Time-correlated Window Carrier-phase Aided GNSS Positioning Using Factor Graph Optimization for Urban Positioning
This work addresses improved positioning accuracy for GNSS users in challenging urban environments, representing an incremental advancement over existing methods.
The paper tackles urban GNSS positioning by proposing a method that uses time-correlated window carrier-phase measurements within a factor graph optimization to enhance robustness against outliers, achieving mean positioning errors of 1.76 meters and 2.96 meters in urban canyons with an automobile-level receiver and showing similar improvements with a low-cost smartphone receiver.
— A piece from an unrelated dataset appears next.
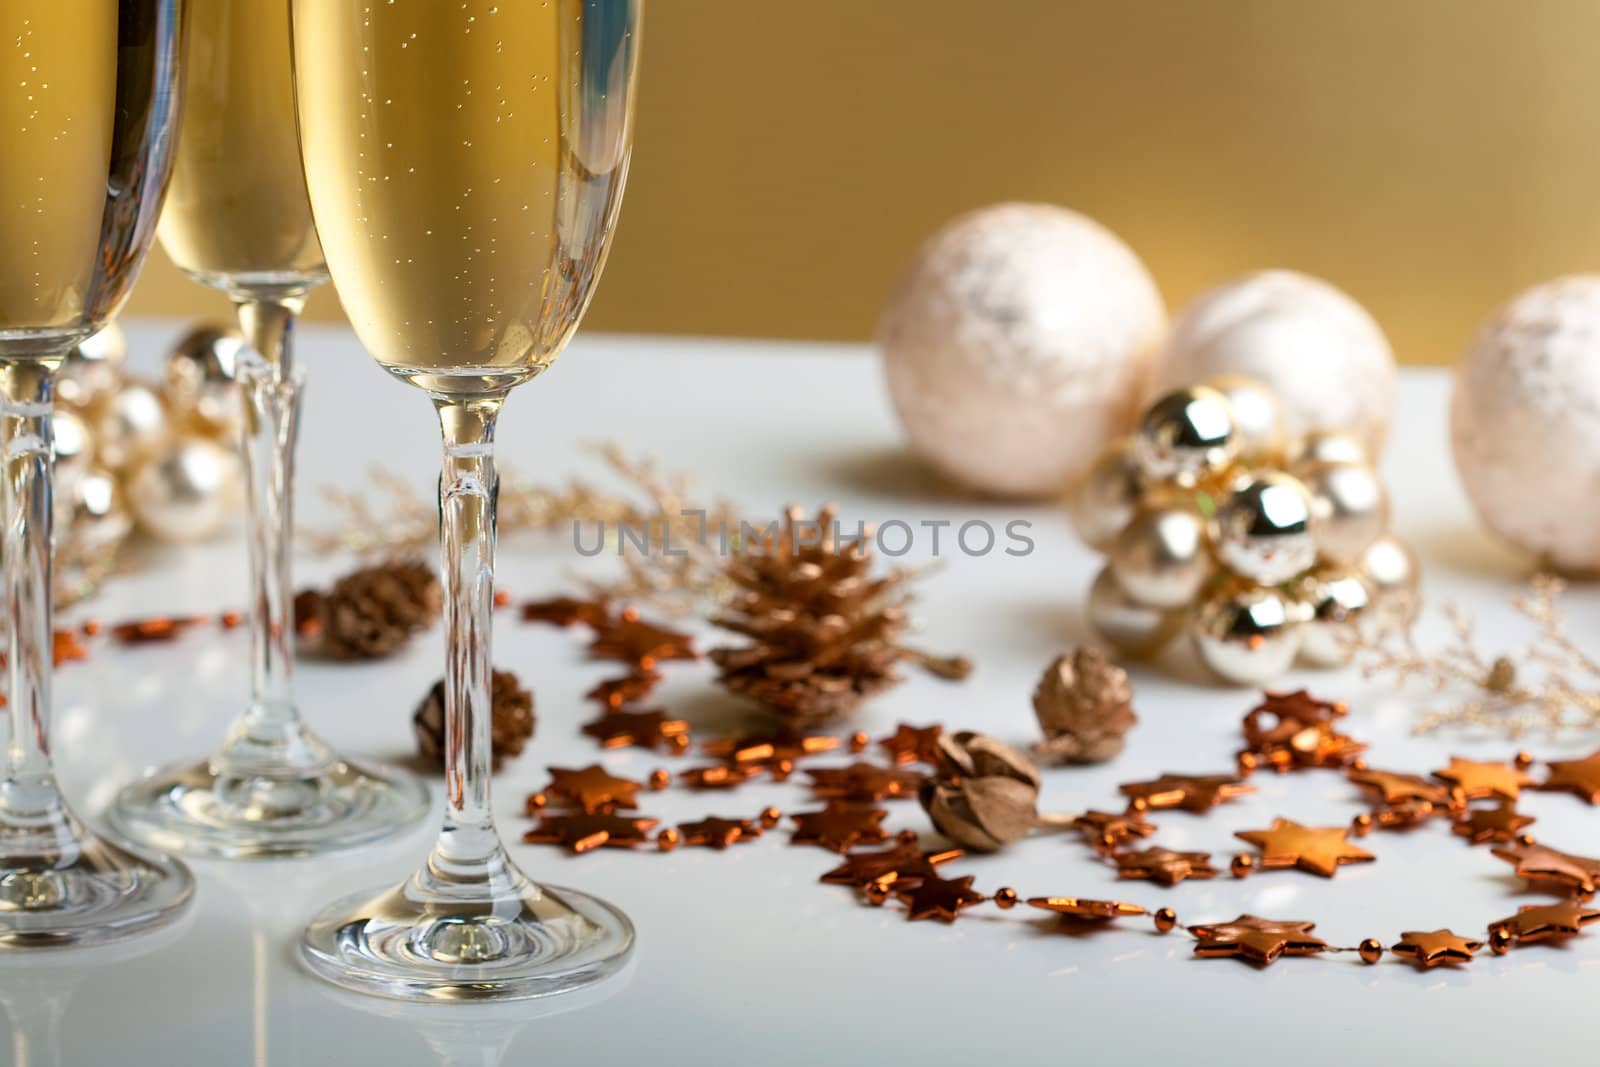 three glasses of champagne, christmas balls and ornaments in front of golden background

This paper proposes an improved global navigation satellite system (GNSS) positioning method that explores the time correlation between consecutive epochs of the code and carrier phase measurements which significantly increases the robustness against outlier measurements. Instead of relying on the time difference carrier phase (TDCP) which only considers two neighboring epochs using an extended Kalman filter (EKF) estimator, this paper proposed to employ the carrier-phase measurements inside a window, the so-called window carrier-phase (WCP), to constrain the states inside a factor graph. A left null space matrix is employed to eliminate the shared unknown ambiguity variables and therefore, correlated the associated states inside the WCP. Then the pseudorange, Doppler, and the constructed WCP measurements are integrated simultaneously using factor graph optimization (FGO) to estimate the state of the GNSS receiver. We evaluated the performance of the proposed method in two typical urban canyons in Hong Kong, achieving the mean positioning error of 1.76 meters and 2.96 meters, respectively, using the automobile-level GNSS receiver. Meanwhile, the effectiveness of the proposed method is further evaluated using a low-cost smartphone level GNSS receiver and similar improvement is also obtained, compared with several existing GNSS positioning methods.